I know it's controversial and all, but my preference is still for "cunt" over "pussy" when it comes to informal talk (otherwise I love "vagina" or "vulva", depending on which we're actually talking about!). Which makes me all for reclaiming, I guess, although I don't often do it in a big "activist" way--usually just by changing my terminology to fit my preferences and explaining if questioned. I am sorry if my use of the term offends, although I can't say I'm sorry that I enjoy the word. I think I can blame The Vagina Monologues a little for that, but I also love one-syllable words that end with a hard 't' (or other hard vowels)--makes me rather fond of the abbreviation "clit", too. And, despite how little I use the words, I love "shit" and "fuck" just for the sounds; out of old habits (I've seldom been one to swear much) I have tended to say "shite" (which I also like for the long "i") and "fook"--or "poot", which I started saying at 15 for no good reason and it stuck.
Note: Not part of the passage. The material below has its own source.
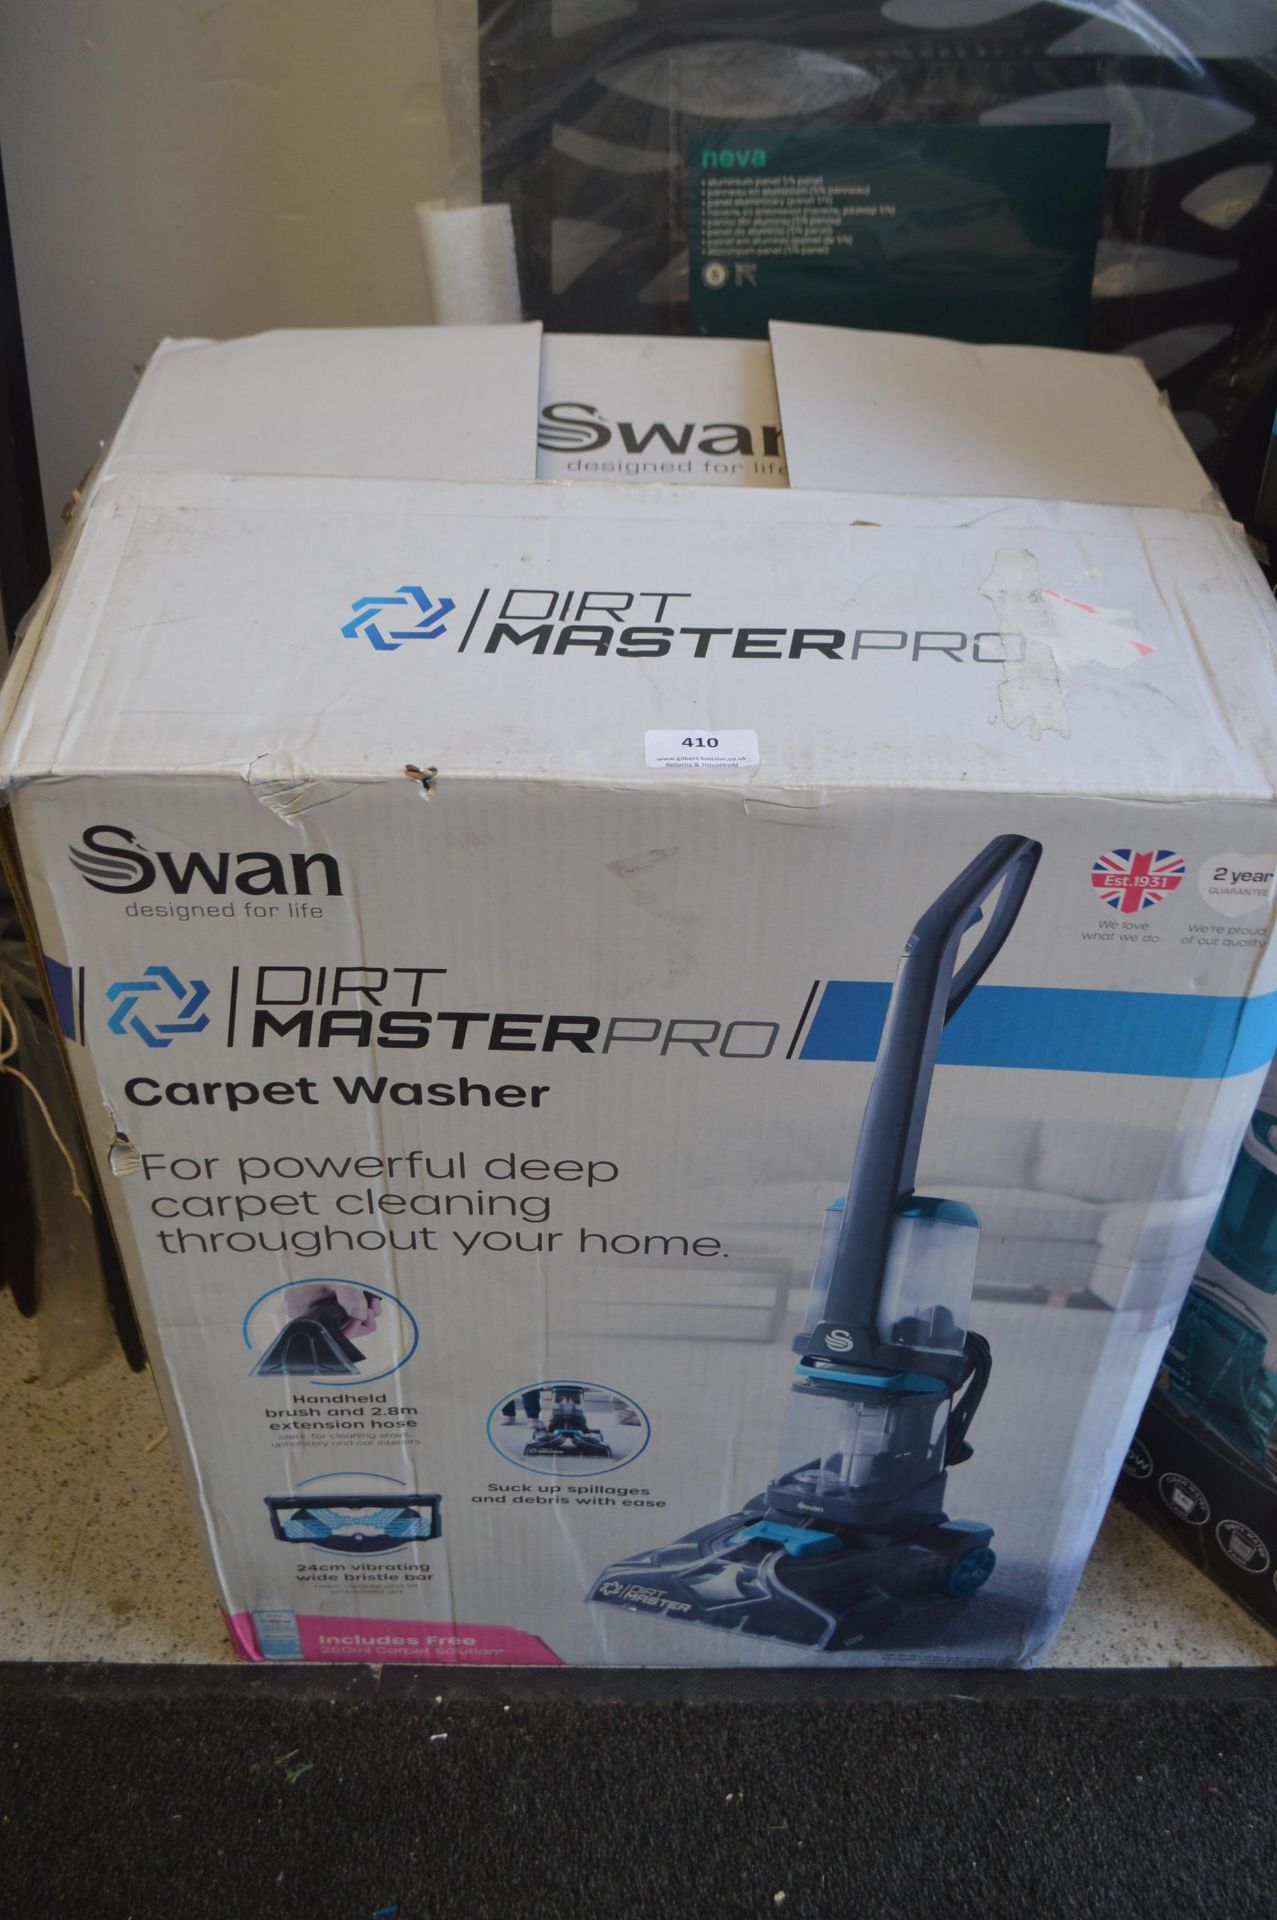 *Swan Dirt Master Pro Carpet Washer

Silly things like, "Oh, poot on a stick! Piffle and poot. Goose!" I say the strangest things when most people use expletives...
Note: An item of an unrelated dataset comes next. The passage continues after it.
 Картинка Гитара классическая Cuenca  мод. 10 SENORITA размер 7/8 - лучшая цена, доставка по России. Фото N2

(And, because I'm curious: what are your favourite terms? For anything really, I suppose; I don't tend to think of male terms often, but I think "prick" is probably my favourite. What about euphemisms? What are the funniest you've heard? The most descriptive? The best, most accurate, whatever? Do you love or like the word cunt, or hate or dislike it, or are you generally apathetic? Do you have a favourite? Are they just weeeeerds [words]? What are your favourite cuss-words, or do you not use them? How about favourite words in general--ones that feel nice on your tongue, or make you smile? Onomatopoeias?)

Anyway, now that you've heard enough about my use of pseudo-expletives and my love of certain sounds, I'll reign myself back in:

I love these moments of "it's a small feminist world out there"; they make me smile.
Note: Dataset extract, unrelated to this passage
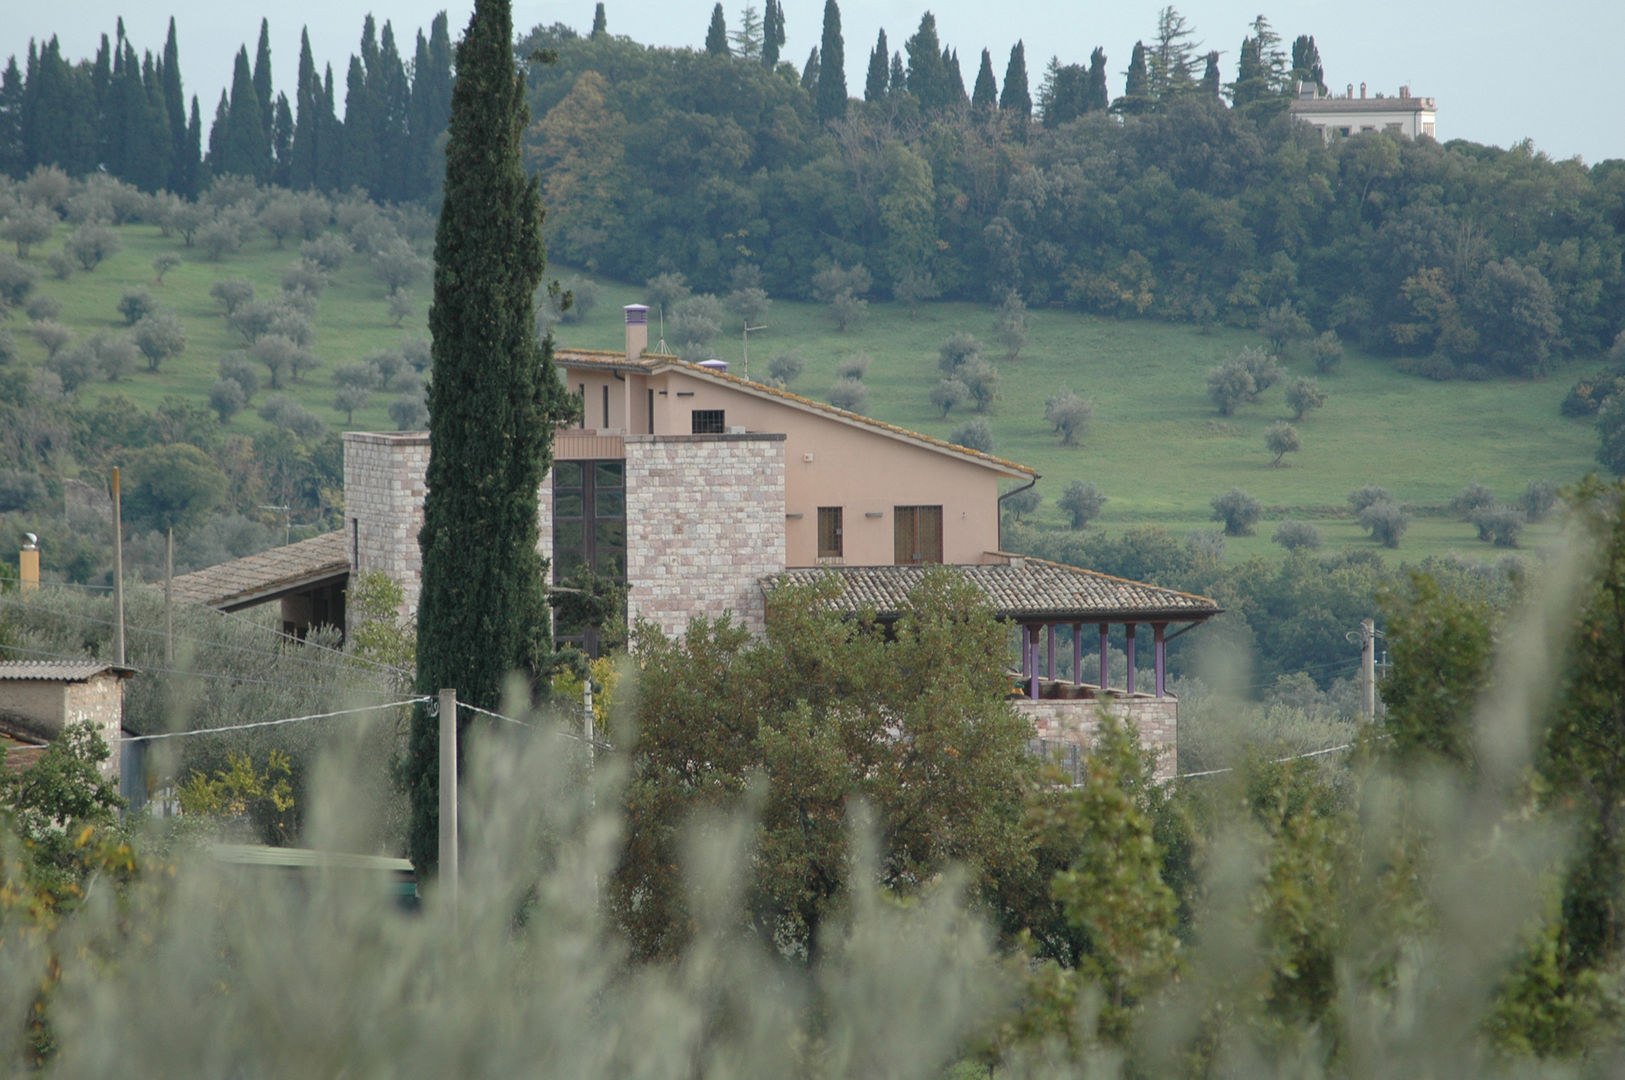 Villa in Campagna ad Assisi, Studio di Bioarchitettura Brozzetti Adriano Studio di Bioarchitettura Brozzetti Adriano カントリーな 家

Posting a lot today; posting a lot about things I generally don't post about but think a lot about. Less surprised by my inclusion of "I like these words, what do you like?!" since words are a passion of mine. I'm liking it, anyway, so I guess that's what's important--even if people from my flist migrate away with a loud "pooft!" sound and leave behind a dirt cloud for me to cough on. :B At some point I will get back to "this is my life and what's happening to it/me!" [updates] and "look at the fandom stuff I've been reading/looking at!" [rec posts], but for now this is what I have to offer.
Current Mood: giddyGiddy.
?elsceetaria on May 11th, 2012 07:28 am (UTC)
My favorite word is discombobulate, or discombobulation. It's just fun to say. :)

I try to limit my cursing, but I am quite prone to using fuck or damn or shit. I guess I've gotten comfortable in the basics. I went through a "feck off" stage after one cast party in high school, and there was another phase where I used Uff Da. I still kind of use a uph sound, but it's less defined. I hardly used obscenities at all until I was around 21.

I tend to use the specific anatomical terms as much as possible although I do often find myself refering to the whole kitten kaboodle as "girly bits." I heard a lecture entitled Eve Ensler: Hands off my Vag! A Philippic with Pictures last fall where Alice Dreger ranted for 45 minutes on people using the term vagina for vulva or just the term vajayjay in general. It was amusing. Also, I recently got to borrow the 1978 edition of Our Bodies, Our Selves. It listed some of the most amusing word for those parts I've ever seen.

(Also, I've randomly been told clitoris is a hard word for a 3 year to say. )
Kiwi Crocus: Hair || Starfish braid.cranky__crocus on May 11th, 2012 07:40 am (UTC)
Oh, discombobulate its forms are great words! It reminds me of how much I love the word "flabbergasted" and "bamboozled". So many great words for states of confusion (plus more made-up ones, like confuzzlement--confusion and puzzlement!).

I've mentioned liking 'fuck' and 'shit'--I can say I've never taken much to 'damn'. (Growing up it was said pretty often, to the point that I didn't even consider it a swear, especially since "God damn" never meant much in my household; we're not "don't take the Lord's name in vain" types.) I say "dang" and "darn" a lot, because I like the ending to those words.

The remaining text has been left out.